The Canadian Mortgage and Housing Corporation (CMHC) reports that the average rent nationally for a two-bedroom unit in October 2023 was 8.0 percent higher than a year prior. Vacancy rates were 1.5 percent for purpose-built rental buildings and 0.9 percent for condominium apartments.   

Soper concluded, “From coast to coast, Canadians struggle with housing affordability due to high interest rates and limited rental supply. The housing industry and government must collaborate on solutions to increase inventory, including rentals, and support those most impacted by these market conditions.”   

The 2024 federal budget, released on April 16th, includes measures to protect tenants and strengthen their path to buying real estate.  

This includes incentivizing purpose-built rental buildings and introducing the Canadian Renters' Bill of Rights, which proposes a national standardized lease agreement and disclosure of a property's rental price history.  

It also recommends allowing tenants to report their rental payment history to credit bureaus to improve their credit scores, thereby strengthening their future mortgage applications.   

Atlantic Canada 

In Atlantic Canada, 28 percent of renters considered buying a property before signing or renewing their lease. Looking ahead, 22 percent plan to purchase a property in the next two years, while 59 percent will not.  

The average rent in Halifax for a two-bedroom unit in October 2023 was 11.0 percent higher than a year prior, with a vacancy rate of one percent for purpose-built rental buildings.   

Quebec 

In Quebec, 28 percent of renters considered buying a property before signing or renewing their lease. Among them, 42 percent are waiting for property prices to decrease, and 41 percent are waiting for interest rates to go down.  

The average rent in Montreal for a two-bedroom unit in October 2023 was 7.9 percent higher than a year prior, with vacancy rates of 1.5 percent for purpose-built rental buildings and 1.3 percent for condominium apartments. 

Ontario 

In Ontario, 30 percent of renters considered buying a property before signing or renewing their lease. Among them, 47 percent cited the lack of a sufficient down payment, and 28 percent are waiting for property prices to decrease.  

The average rent in Toronto for a two-bedroom unit in October 2023 was 8.7 percent higher than a year prior, with vacancy rates of 1.5 percent for purpose-built rental buildings and 0.7 percent for condominium apartments.   

Manitoba and Saskatchewan 

In Manitoba and Saskatchewan, 44 percent of renters considered buying a property before signing or renewing their lease. Looking ahead, 36 percent plan to purchase a property in the next two years, while 34 percent will not.  

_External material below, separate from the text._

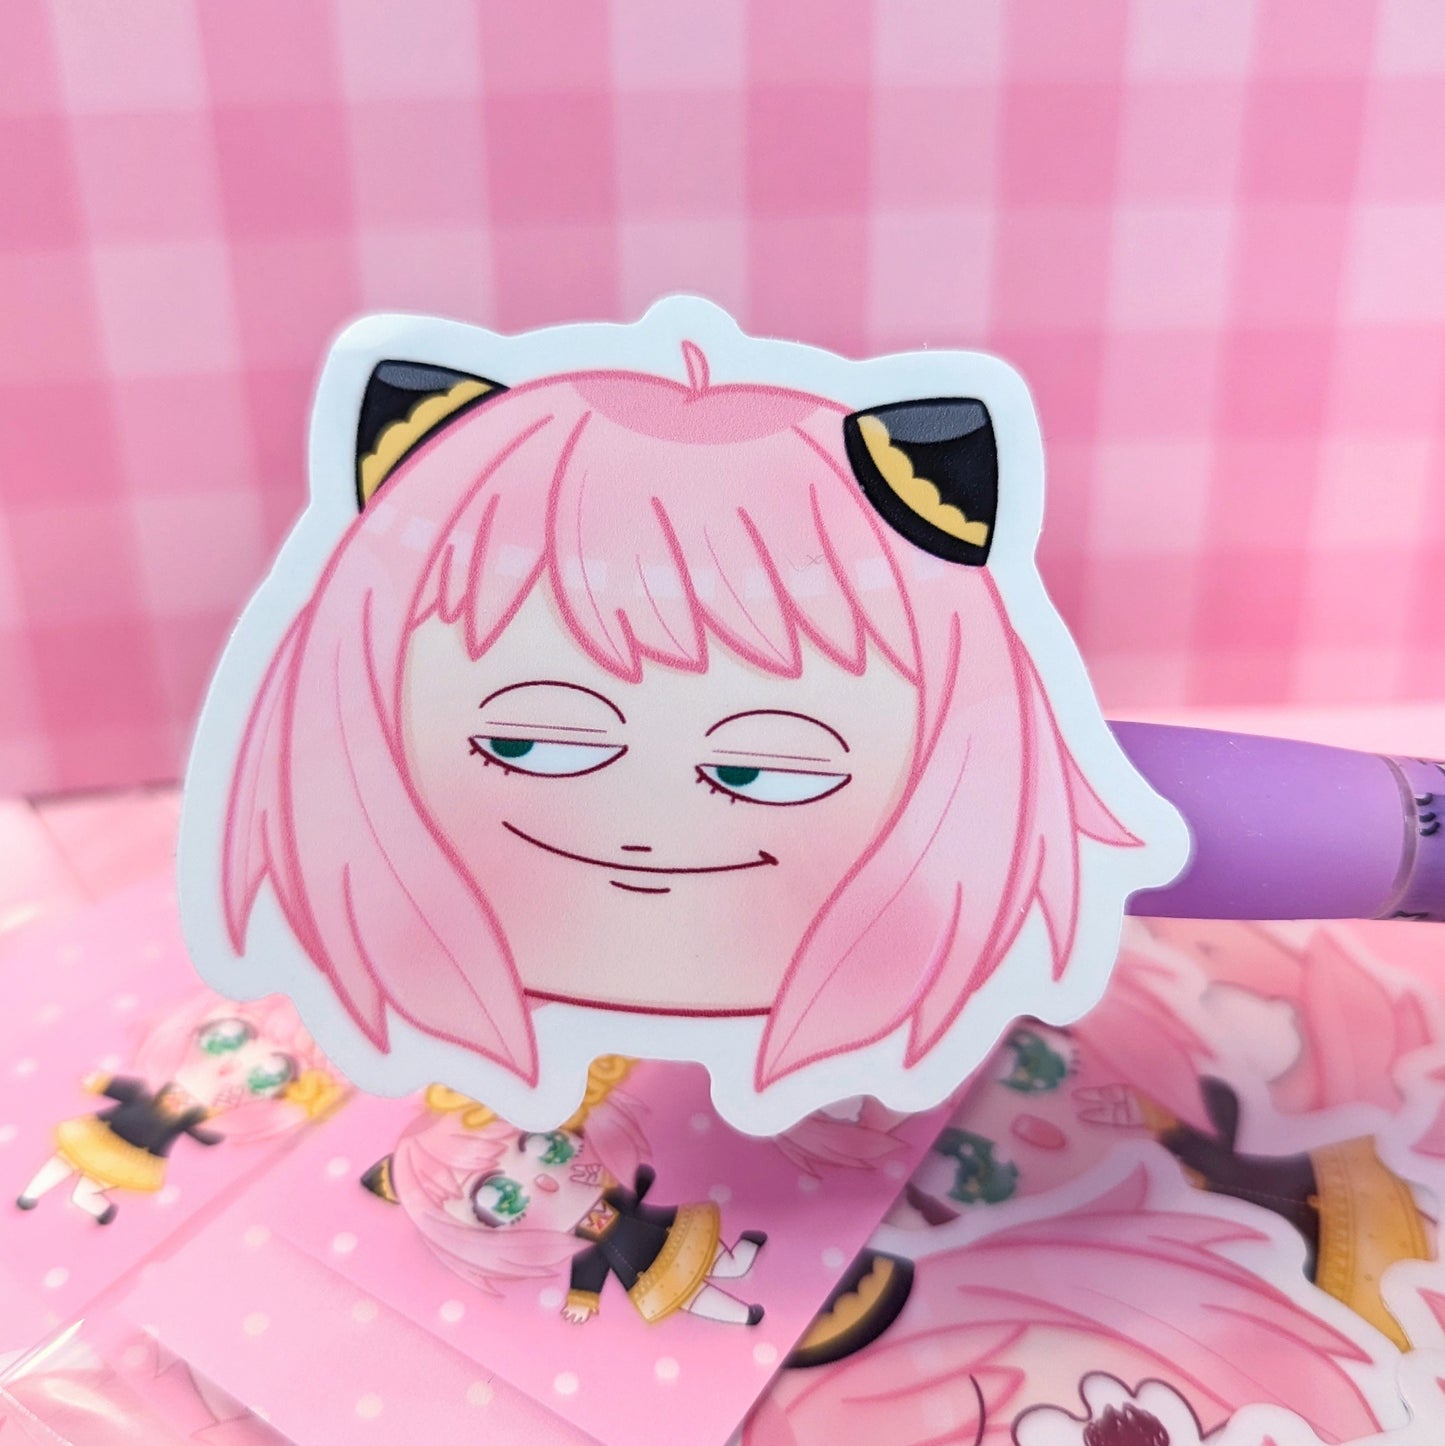 Kawaii girl sticker pack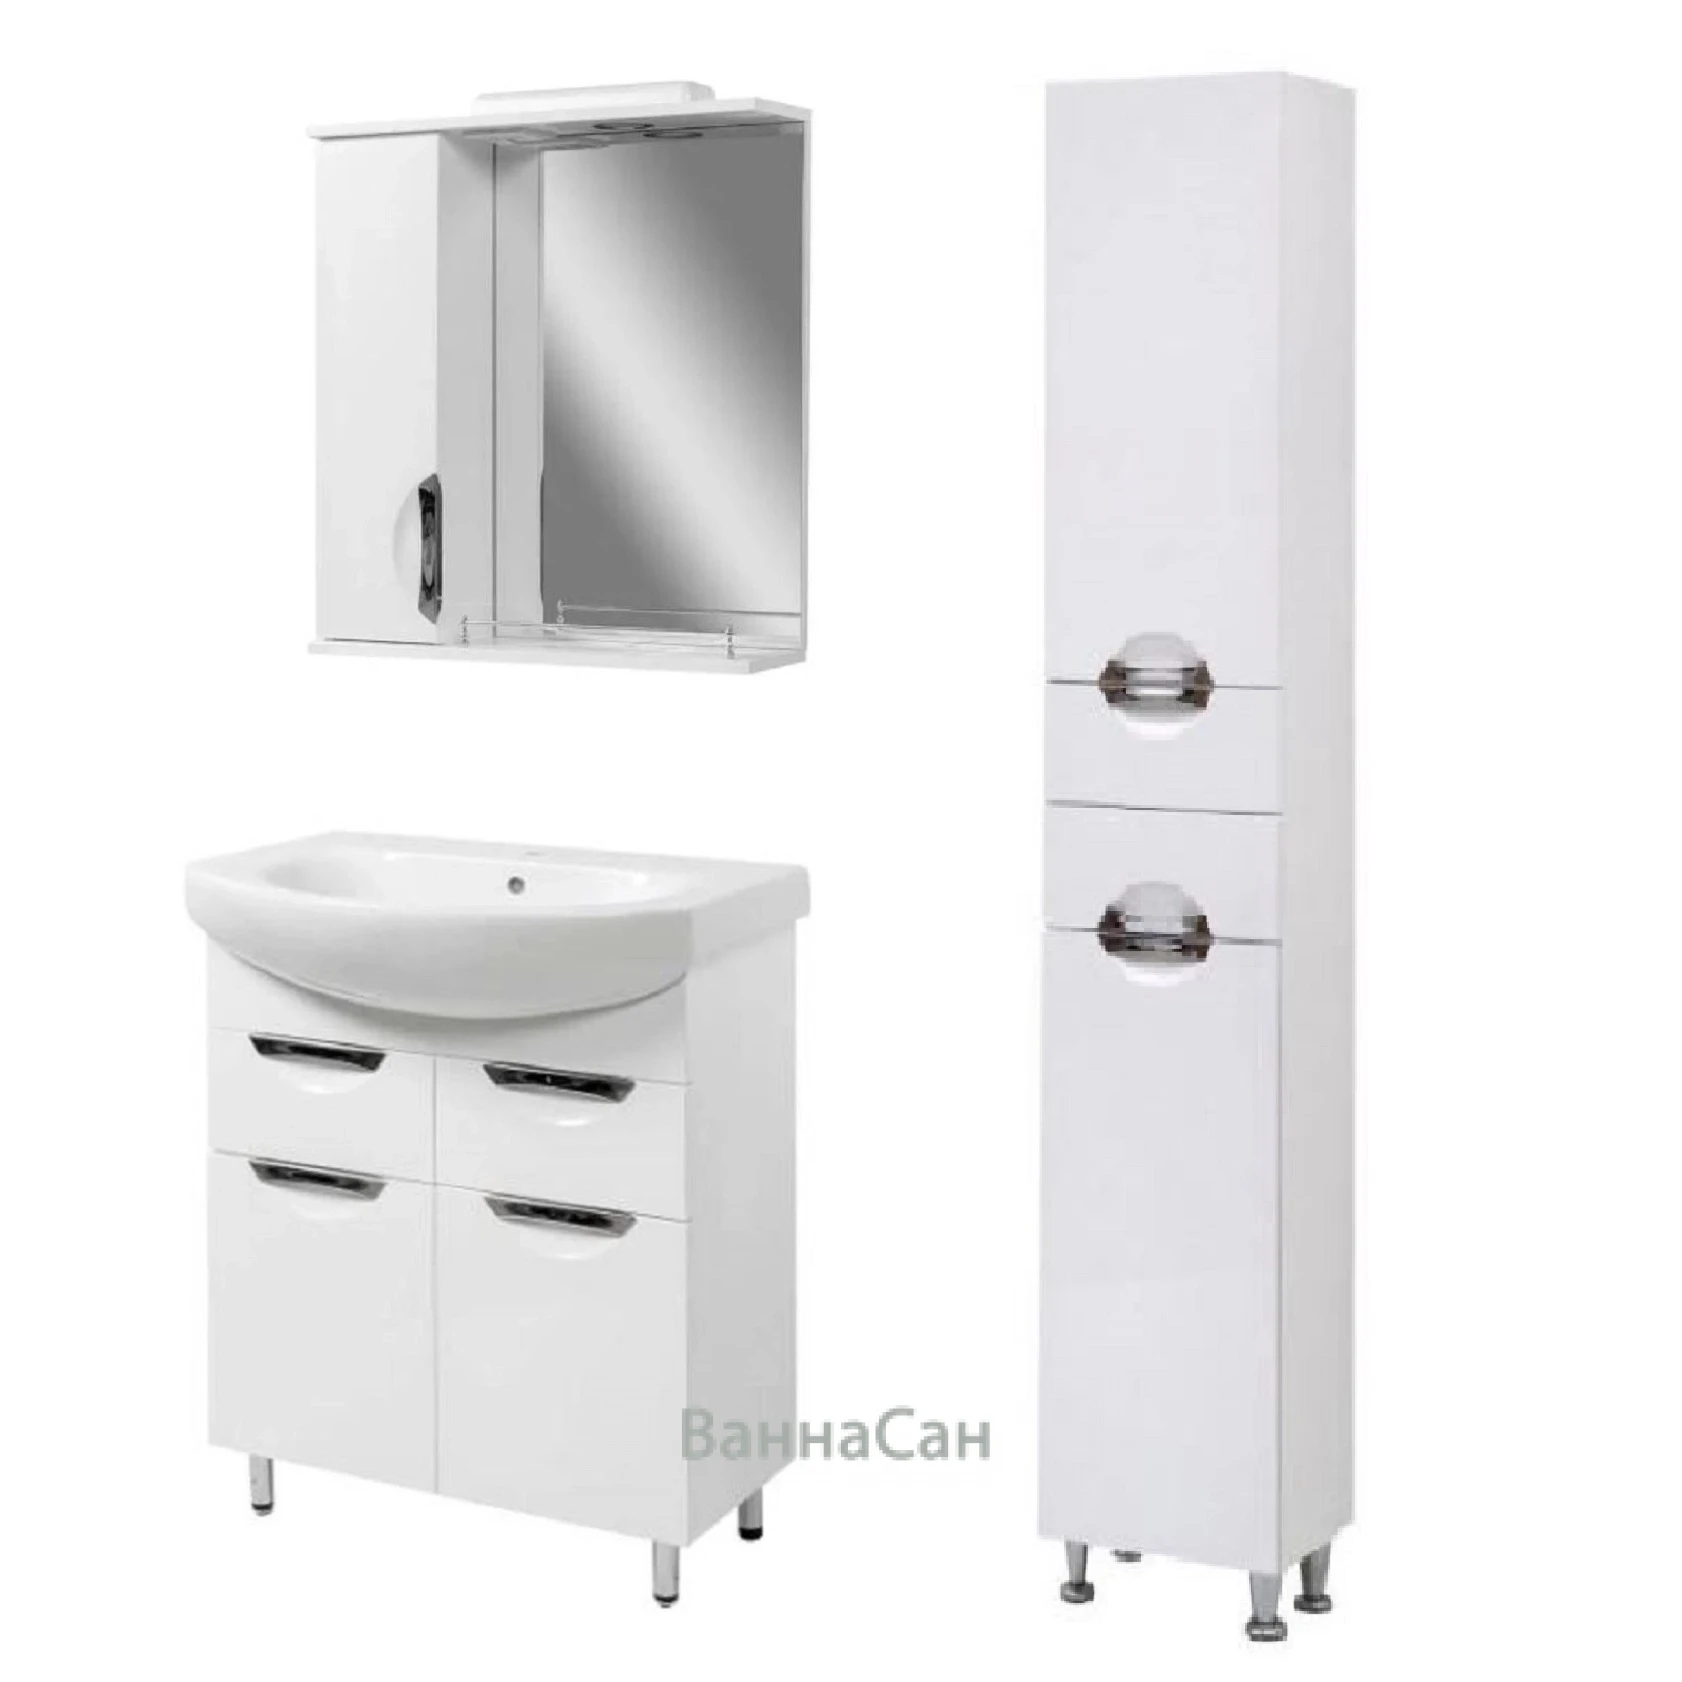 Основное комплект мебели для ванной комнаты с корзиной для белья 70 см шириной санвестгруп грация 46626-36653-36701 №1

The average rent in Winnipeg for a two-bedroom unit in October 2023 was 4.4 percent higher than a year prior, with vacancy rates of 1.8 percent for both purpose-built rental buildings and condominium apartments.   

Alberta 

In Alberta, nearly a third of renters (29 percent) considered buying a property before signing or renewing their lease. Looking ahead, 27 percent plan to purchase a property in the next two years, while 45 percent will not.  

The average rent in Calgary for a two-bedroom unit in October 2023 was 14.3 percent higher than a year prior, with vacancy rates of 1.4 percent for purpose-built rental buildings and 1.0 percent for condominium apartments.   

British Columbia 

In British Columbia, 26 percent of renters considered buying a property before signing or renewing their lease. Looking ahead, 27 percent plan to purchase a property in the next two years, while 52 percent will not.  

The average rent in Vancouver for a two-bedroom unit in October 2023 was 8.6 percent higher than a year prior, with vacancy rates of 0.9 percent for both purpose-built rental buildings and condominium apartments.